Math Stumper

[MrCodeDude]

e^x^infinity (infinite x's) = 10

What does x =?

 

[Juice Box]

ln e

 

[MrCodeDude]

That just means e = 10?

 

[dopcombo]

e^x^x^x.... =10

x^x^x^x.... = ln 10

x^(x^x^x...) = ln 10

x^(ln 10) = ln 10

x = (ln 10)^(1/ln 10)

?

 

[Brutuskend]

My dog's butt smells like ass.

 

[upsciLLion]

Originally posted by: Brutuskend
My dog's butt smells like ass.

Why have you been smelling your dogs butt? :shocked:

 

[MrCodeDude]

Originally posted by: Brutuskend
My dog's butt smells like ass.

FANTASTIC!

 

[MrCodeDude]

Originally posted by: dopcombo
e^x^x^x.... =10

x^x^x^x.... = ln 10

x^(x^x^x...) = ln 10

x^(ln 10) = ln 10

x = (ln 10)^(1/ln 10)

?

Thank you, I'll tell you if you were correct tomorrow.

 

[TuxDave]

x=ln(10)^(1/ln(10))

GODDAMIT... too slow...

 

[OOBradm]

Originally posted by: Brutuskend
My dog's butt smells like ass.

Teh Winnar!

 

[chuckywang]

this is just one of those recursive problems.....just have to be careful that it actually converges. not a problem for this problem.

 

[Goosemaster]

if x=0, then the answer would be 1.

Looks like it is taylor polynomials......x^x.......should approach ln10

 

[chuckywang]

Originally posted by: Goosemaster
if x=0, then the answer would be 1.

Looks like it is taylor polynomials......x^x.......should approach ln10

you sure about that?
if x = 0, then 0^0^0^ .... = y, which implies that 0^y = y which has no solution.

 

[Goosemaster]

whoops....I forgot about e..I meant that e^0=1 , so with laylor polynomails the ploynomaial functions would approach 10...not ln10.
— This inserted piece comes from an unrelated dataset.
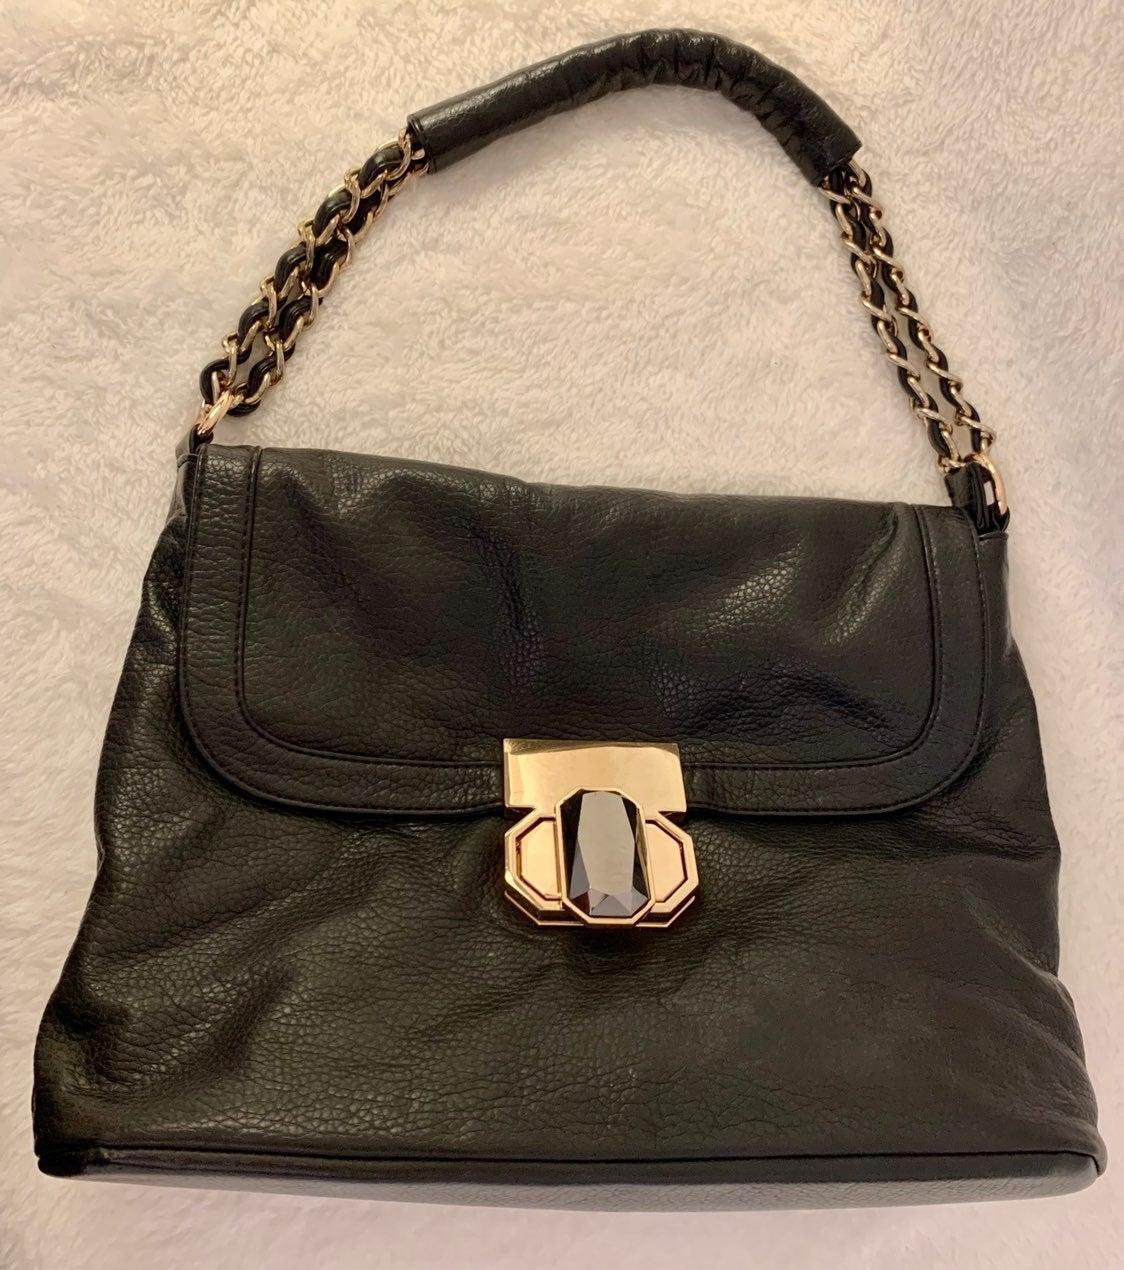 Fancy Hardware Handbag

Poor bastard..I hated these type of problems....what was it again: x^0 + (x-n)^N/n!....

 

[chuckywang]

Originally posted by: Goosemaster
whoops....I forgot about e..I meant that e^0=1 , so with laylor polynomails the ploynomaial functions would approach 10...not ln10.

Poor bastard..I hated these type of problems....what was it again: x^0 + (x-n)^N/n!....

e^x = SUM(x^n/n!,n,0,infinity). I'm not sure what you mean when you say the taylor polynomials would appraoch 10.

 

[dopcombo]

Originally posted by: MrCodeDude

Originally posted by: dopcombo
e^x^x^x.... =10

x^x^x^x.... = ln 10

x^(x^x^x...) = ln 10

x^(ln 10) = ln 10

x = (ln 10)^(1/ln 10)

?

Thank you, I'll tell you if you were correct tomorrow.

MrCodeDude, Eheh, were TuxDave and I right? Or was it some other way of converging it?